Structure-based virtual screening

Virtual screening was performed with the UNITY module within the Sybyl-X molecular modeling program. Unity uses a directed tweak algorithm [32] to simulate molecular flexibility while screening small-molecules. The binding pocket of m-Ddh was used as the target site, by constructing a variety of queries based on the pocket’s properties. Over 9 million small-molecules were screened in silico from ZINC [33] drug-like databases (http://www.zinc.docking.org).

Molecular docking

Docking and two-step scoring was used to evaluate the results of virtual screening. By visually inspecting and filtering the UNITY hits, we selected the top 132 small-molecule inhibitors for further computational analysis. We used GOLD (Genetic Optimization Ligand Docking) docking program (Version 5.2) [34], targeting the binding site of in m- Ddh. A sphere with radius of 12 Å from Arg183 was set as the docking region. This allowed for the inclusion of all residues expected to be within the binding site. The protein model was prepared for docking as described above. Conformational flexibility was allowed for the small-molecules. We allowed for 50 GA (Genetic Algorithms) runs with a distance of 1 Å between clusters. The 132 compounds selected from our virtual screening hits were docked by GOLD, ranked by Goldscore and then re-ranked by the CHEMPLP as implemented in GOLD. All docked compounds were then scored in a second pass by HINT (Hydropathic INTeractions) [35]. The binding mode corresponding to the highest-ranking HINT score for each compound was chosen as the best and most likely conformation for that compound. From these 132 compounds, the top 30% of the best-scored, structurally diverse compounds as ranked by HINT were re-docked and minimized with 10,000 iterations within the m-Ddh binding site. Finally, out of forty top scored small-molecules, 11 compounds were commercially available and were purchased for assay. All modeling images were generated in Pymol (http://www.pymol.org).

Compounds

The selected compounds were purchased from Vitas-M Laboratory, Ltd. (Moscow, Russia), Molport (Riga, Latvia) and/or eMolecules (La Jolla, CA, USA), which reported compound purities over 90%, analyzed by NMR and/or LC- MS. All compounds were re-suspended in DMSO (Sigma–Aldrich, St. Louis, MO, USA) prior to use.

Inhibitor screening and determination of IC₅₀ values

A range of concentrations (0–3 mM) of each small-molecule compound inhibitor were added to the standard reaction and the percent of m-Ddh enzymatic inhibition was measured by the kinetic assay described above.
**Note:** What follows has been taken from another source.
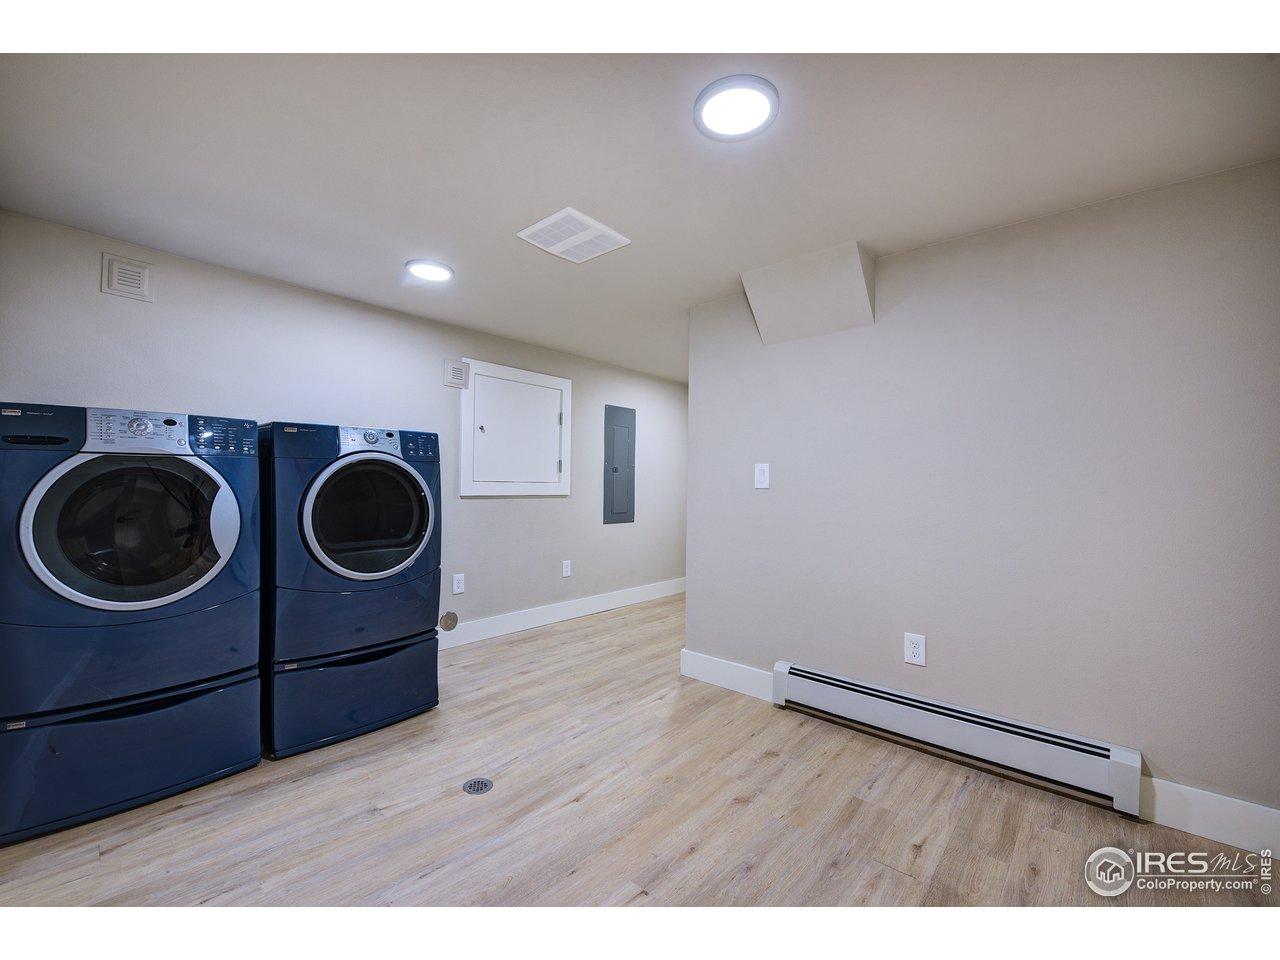 Large finished laundery room

Percent inhibition was determined by the formula: $\frac{({r a t e o f r e a c t i o n}_{n o i n h i b i t o r}) - ({r a t e o f r e a c t i o n}_{i n h i b i t o r})}{{r a t e o f r e a c t i o n}_{n o i n h i b i t o r}} \times 100 .$ The concentration of each compound inhibitor which caused 50% enzymatic inhibition (IC₅₀) was calculated using PRISM v6.04 software (Graphpad, San Diego, CA) from three independent experiments.

Determination of antimicrobial properties

Minimal Inhibitory Concentration (MIC) assays were performed using a broth microdilution method [36]. P. gingivalis cells were grown overnight and the following day diluted 1/10 into fresh medium. Cells were allowed to grow to mid-log phase (OD₆₀₀ ≈ 0.5). Compounds were serially diluted in 96-well microtiter plates (Jet Biofil, Genesee Scientific, San Diego, CA) and an aliquot of the cell suspension was added to each well with the compound inhibitor sample for a final cell count of 1×10⁵ CFU/ml. Plates were incubated for five days at 37°C in anaerobic conditions. The MIC was defined as the lowest concentration of compound inhibitor that visually reduced cell growth relative to the controls.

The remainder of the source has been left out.